There's probably nothing wrong, it just seems that caret returns the values of the neurons in the output layer without converting them to probabilities (correct me if I'm wrong). When using the RSNNS::mlp function outside of caret the rows of the predictions also don't sum to one.
Since all output neurons have the same activation function the outputs can be converted to probabilities by dividing the predictions by the respective row sum, see this question.
This behavior seems to be true when using method = "mlp" or method = "mlpWeightDecay" but when using method = "nnet" the predictions do sum to one.
Example:
library(RSNNS)
data(iris)
#shuffle the vector
iris <- iris[sample(1:nrow(iris),length(1:nrow(iris))),1:ncol(iris)]
irisValues <- iris[,1:4]
irisTargets <- iris[,5]
irisTargetsDecoded <- decodeClassLabels(irisTargets)

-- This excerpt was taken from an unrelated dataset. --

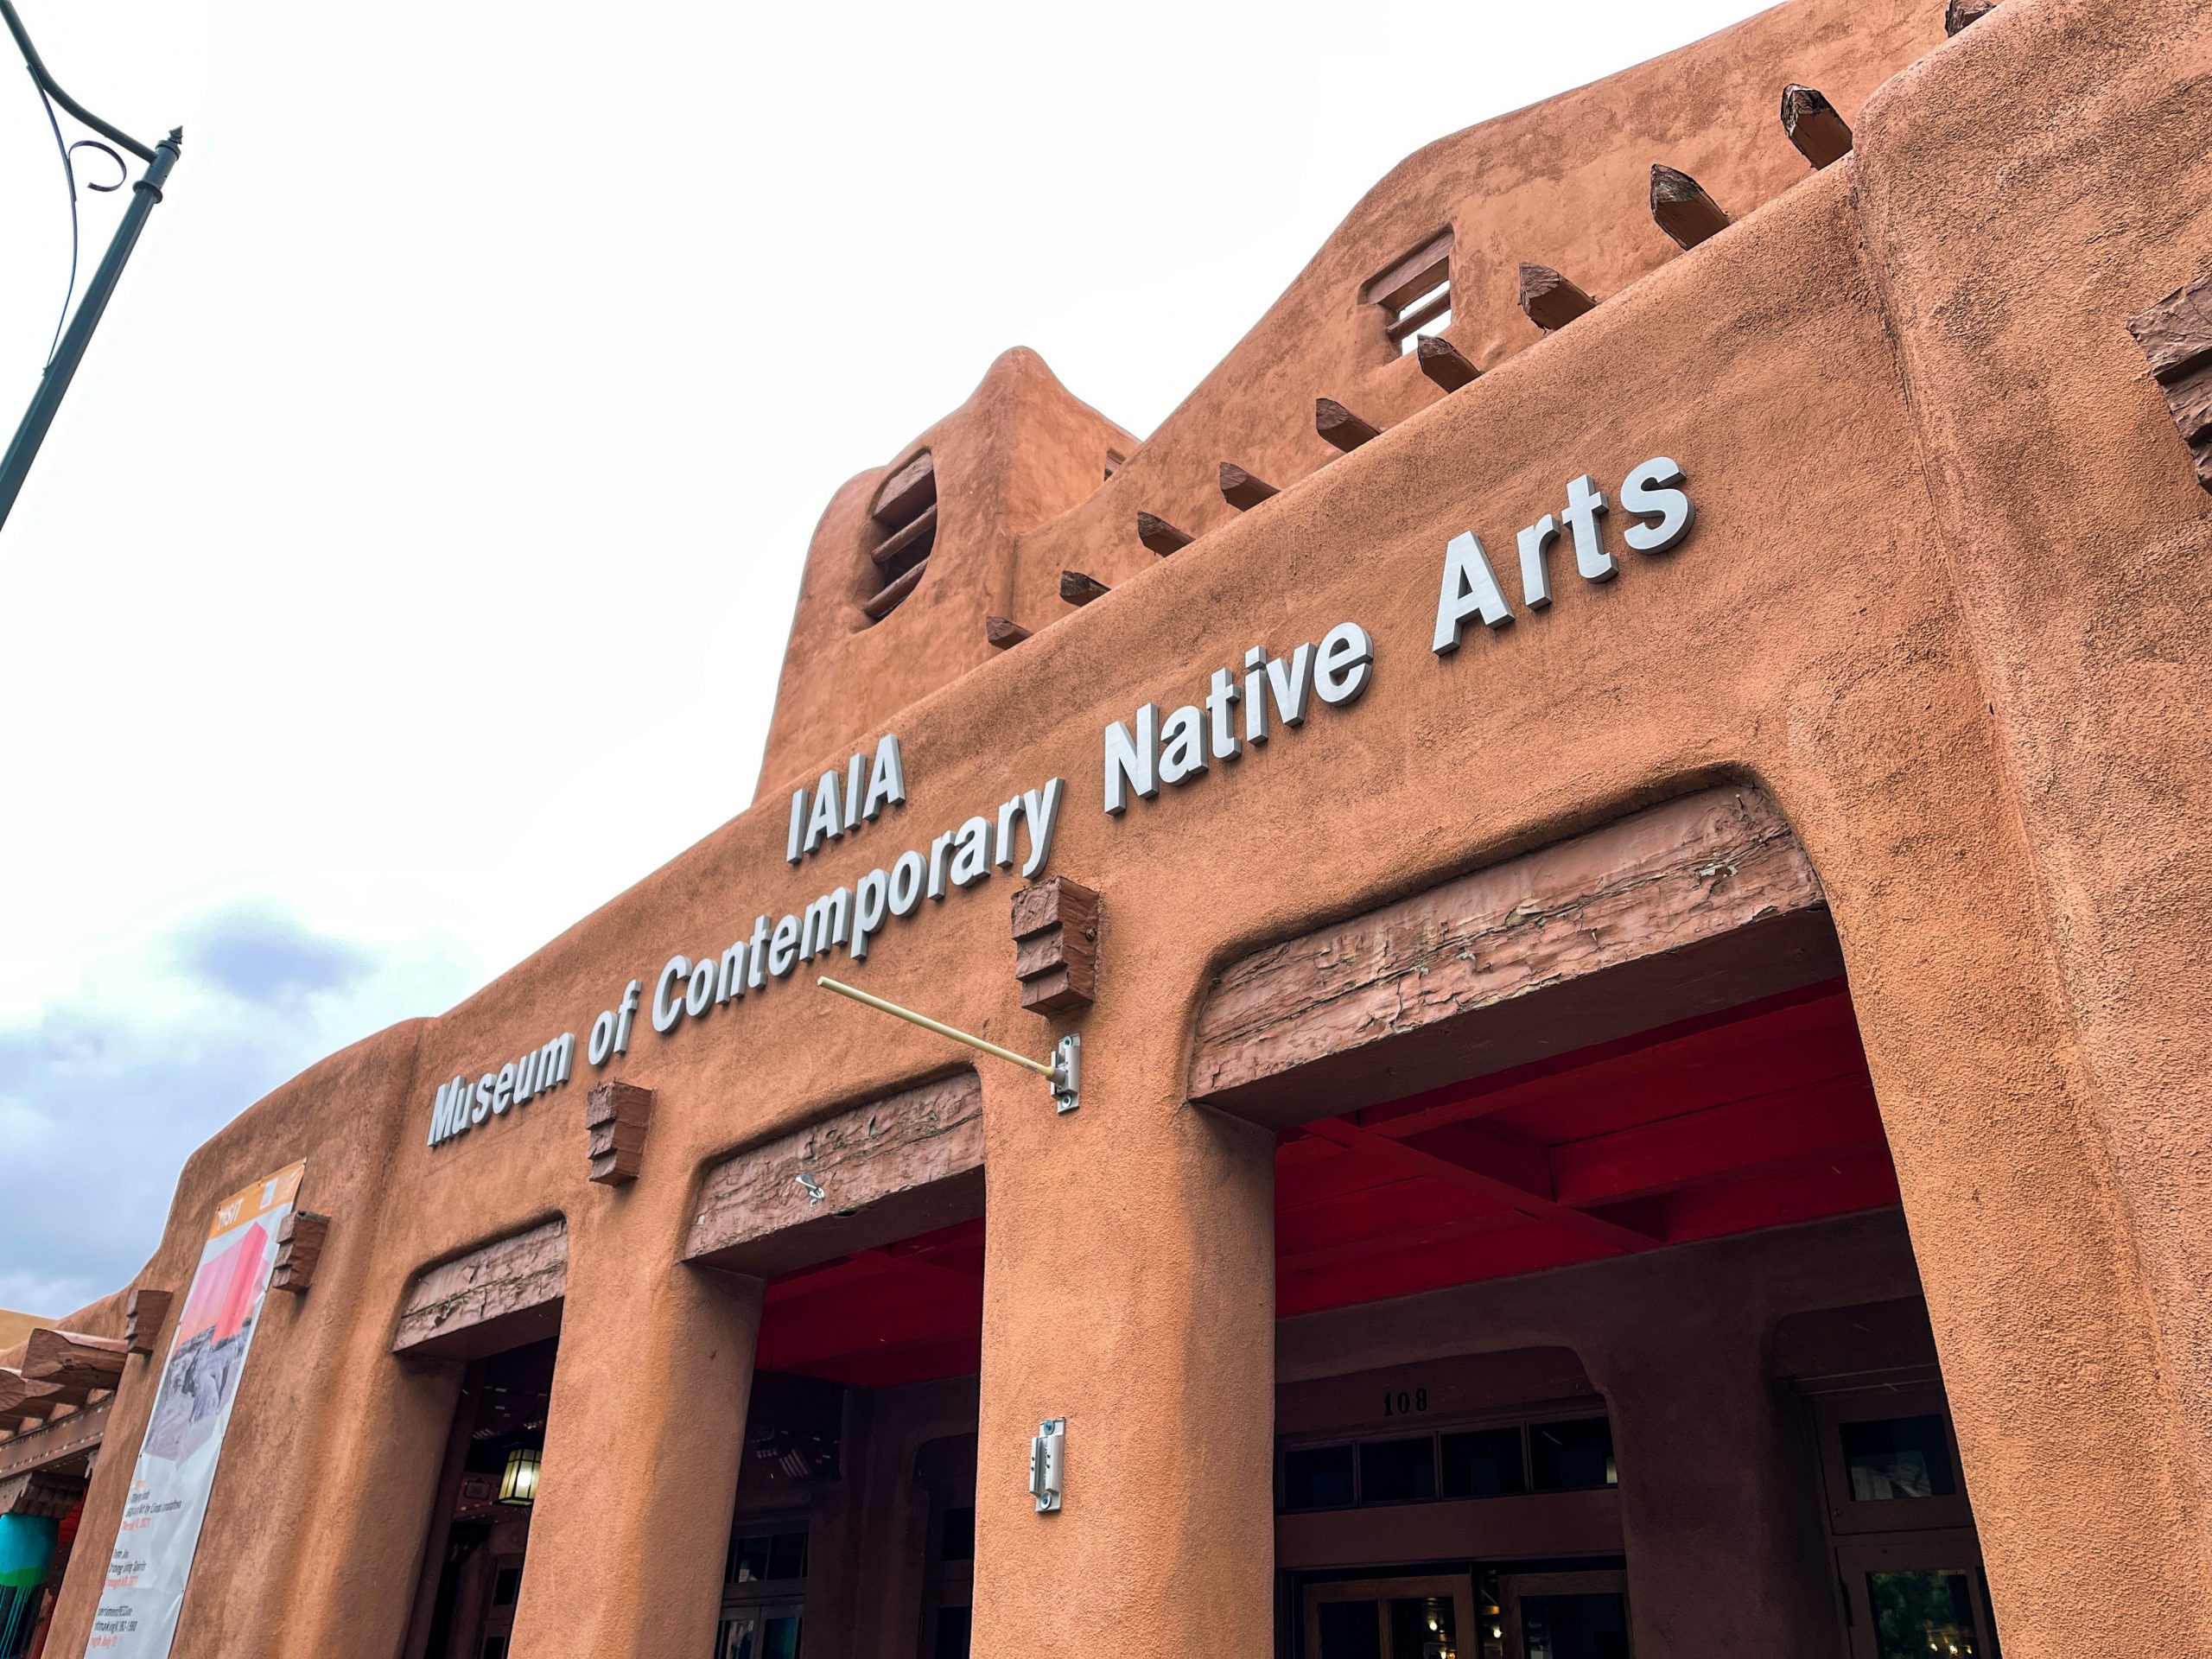 IAIA Museum of Contemporary Native Arts
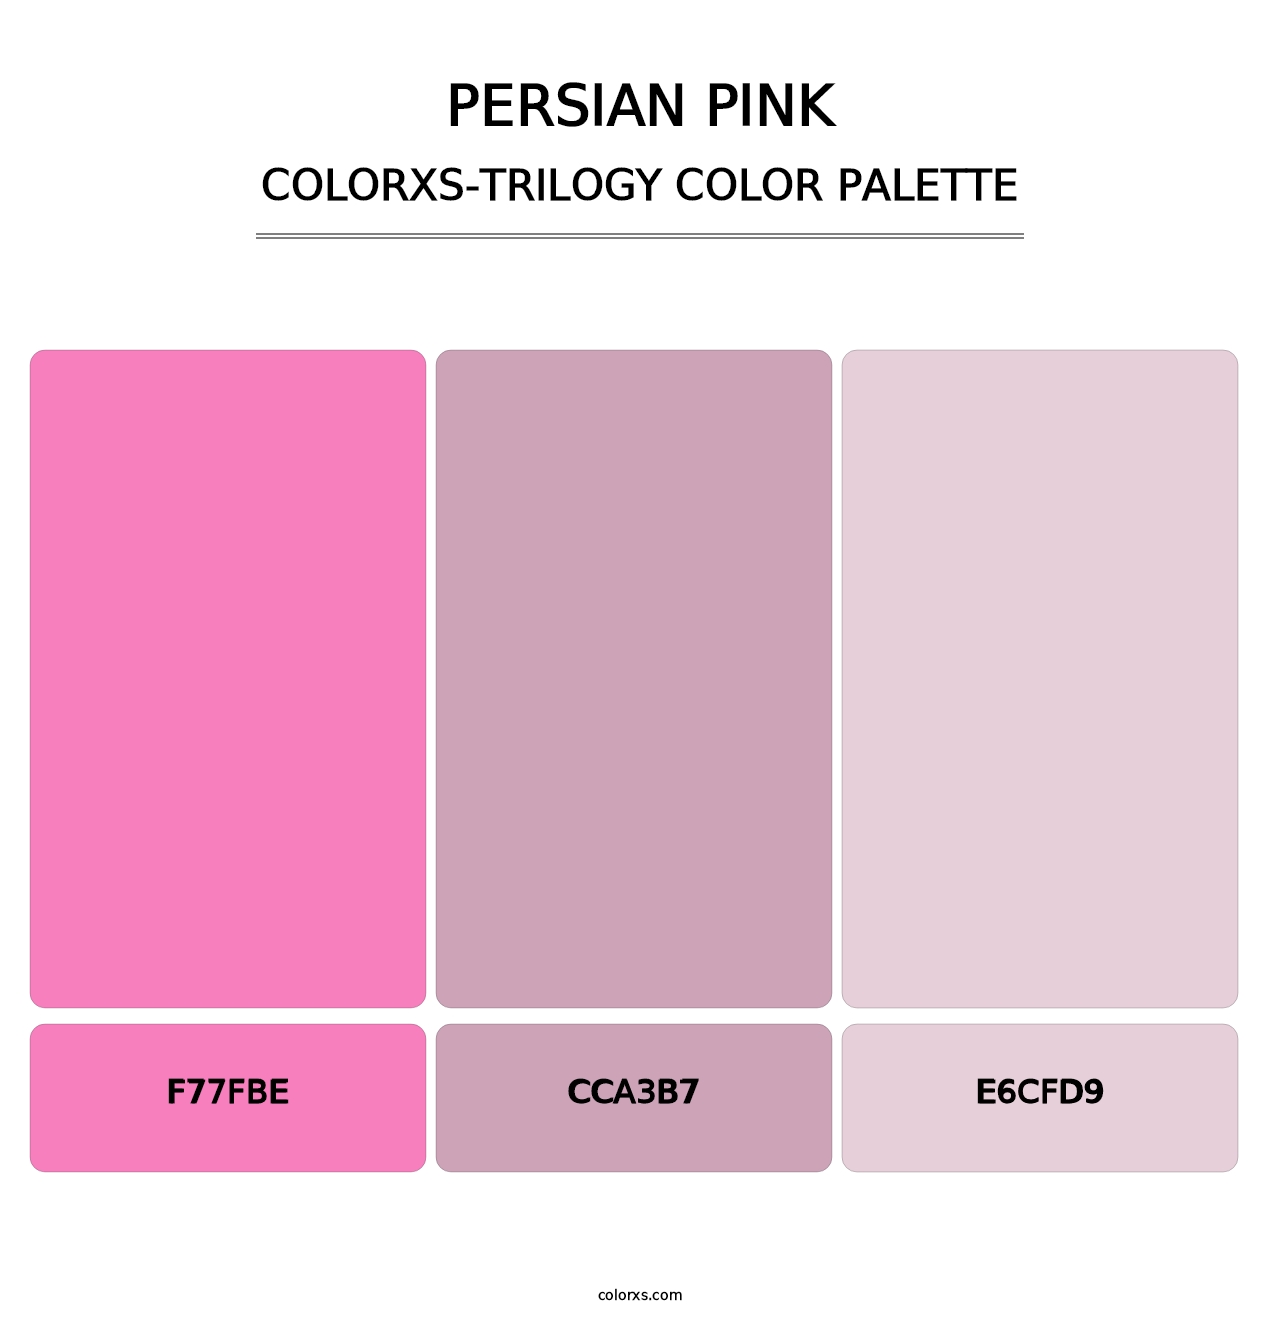 Persian Pink - Colorxs Trilogy Palette

iris2 <- splitForTrainingAndTest(irisValues, irisTargetsDecoded, ratio=0.15)
iris2 <- normTrainingAndTestSet(iris2)
set.seed(432)
model <- mlp(iris2$inputsTrain, iris2$targetsTrain,
size=5, learnFuncParams=c(0.1), maxit=50,
inputsTest=iris2$inputsTest, targetsTest=iris2$targetsTest)
predictions <- predict(model,iris2$inputsTest)
head(rowSums(predictions))
# 139 26 17 104 54 82
# 1.0227419 1.0770722 1.0642565 1.0764587 0.9952268 0.9988647
probs <- predictions / rowSums(predictions)
head(rowSums(probs))
# 139 26 17 104 54 82
# 1 1 1 1 1 1
# nnet example --------------------------------------
library(caret)
training <- sample(seq_along(irisTargets), size = 100, replace = F)
modelCaret <- train(y = irisTargets[training],
x = irisValues[training, ],
method = "nnet")
predictionsCaret <- predict(modelCaret,
newdata = irisValues[-training, ],
type = "prob")
head(rowSums(predictionsCaret))
# 122 100 89 134 30 86
# 1 1 1 1 1 1
I don't know how much flexibility the caret package offers in these choices, but the standard way to make a neural net produce outputs which sum to one is to use the softmax function as the activation function in the output layer.